The scores are almost evenly distributed with the exceptions of Documentaries, War, Drama, Musicals, and Romance and Thriller, Action, Sci-Fi, and Horror, which rate higher than average and far below average respectively.  

We can also visualuse the distribution of ratings per genre with a boxplot.

In [None]:
box = mean_ratings.join(movies_df)
box['genres'] = box['genres'].str.replace('|', ',')
box['genres'] = box['genres'].apply(lambda x: x.split(","))
box = box.explode('genres')
box = box[box['genres']!='(no genres listed)']

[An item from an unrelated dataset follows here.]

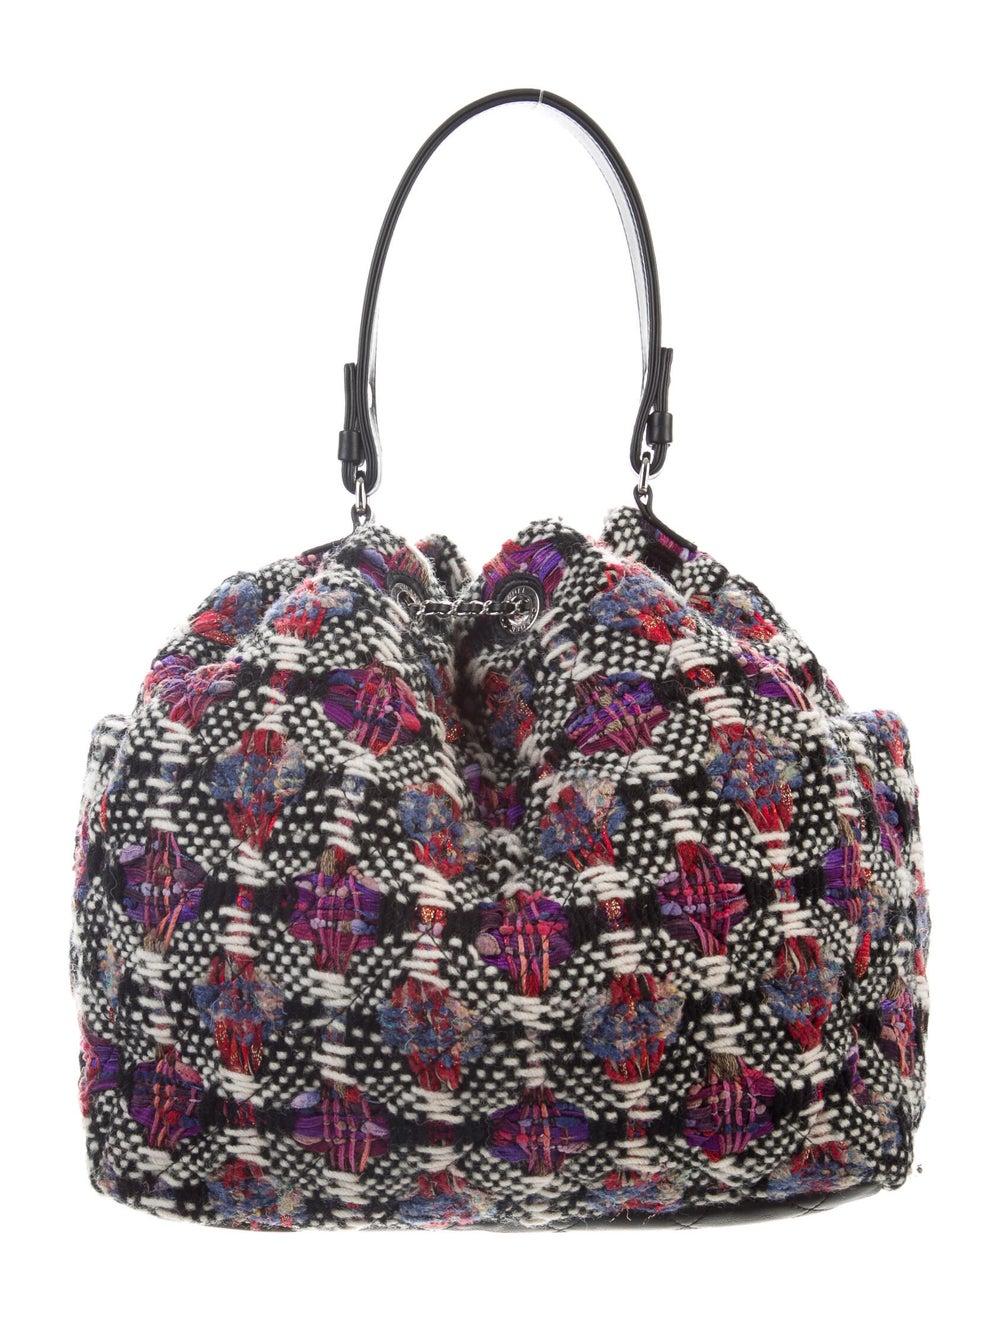 Chanel Tweed Drawstring Bag Cream - image 4

fig,axis = plt.subplots(figsize=(10, 8))
sns.boxplot(y=box['genres'], x=box['rating'], palette="brg", orient='h', showfliers = False)
plt.title("Distribution of Ratings Per Genre", fontsize=14)
plt.xlabel("Rating")
plt.ylabel("Genre")
plt.show()

### IMDB Metadata

#### Directors

Q: Who are the most common directors?

In [None]:
def count_directors(df, count = 10):
    """
    Function to count the most common dircetors in a DataFrame:
    Parameters
    ----------
        df (DataFrame): input dataframe containing imdb metadata
        count (int): filter directors with fewer than count films
        
    Returns
    -------
        directors (DataFrame): output DataFrame
    Examples
    --------
        >>> df = pd.DataFrame({'imdbid':[0,1,2,3,4,5], 'director': [A,B,A,C,B]})
        >>> count_directors(df, count = 1)
            |index|director|count|
            |0|A|2|
            |1|B|2|
            |2|C|1|
    """
    directors = pd.DataFrame(df['director'].value_counts()).reset_index()
    directors.columns = ['director', 'count']
    # Lets only take directors who have made 10 or more movies otherwise we will have to analyze 11000 directors
    directors = directors[directors['count']>=count]
    return directors.sort_values('count', ascending = False)
directors = count_directors(imdb_df)

Some movies do not have a director listed. once again, the IMDB API can be used to retrieve this data

In [None]:
feature_count(directors.head(10), 'director')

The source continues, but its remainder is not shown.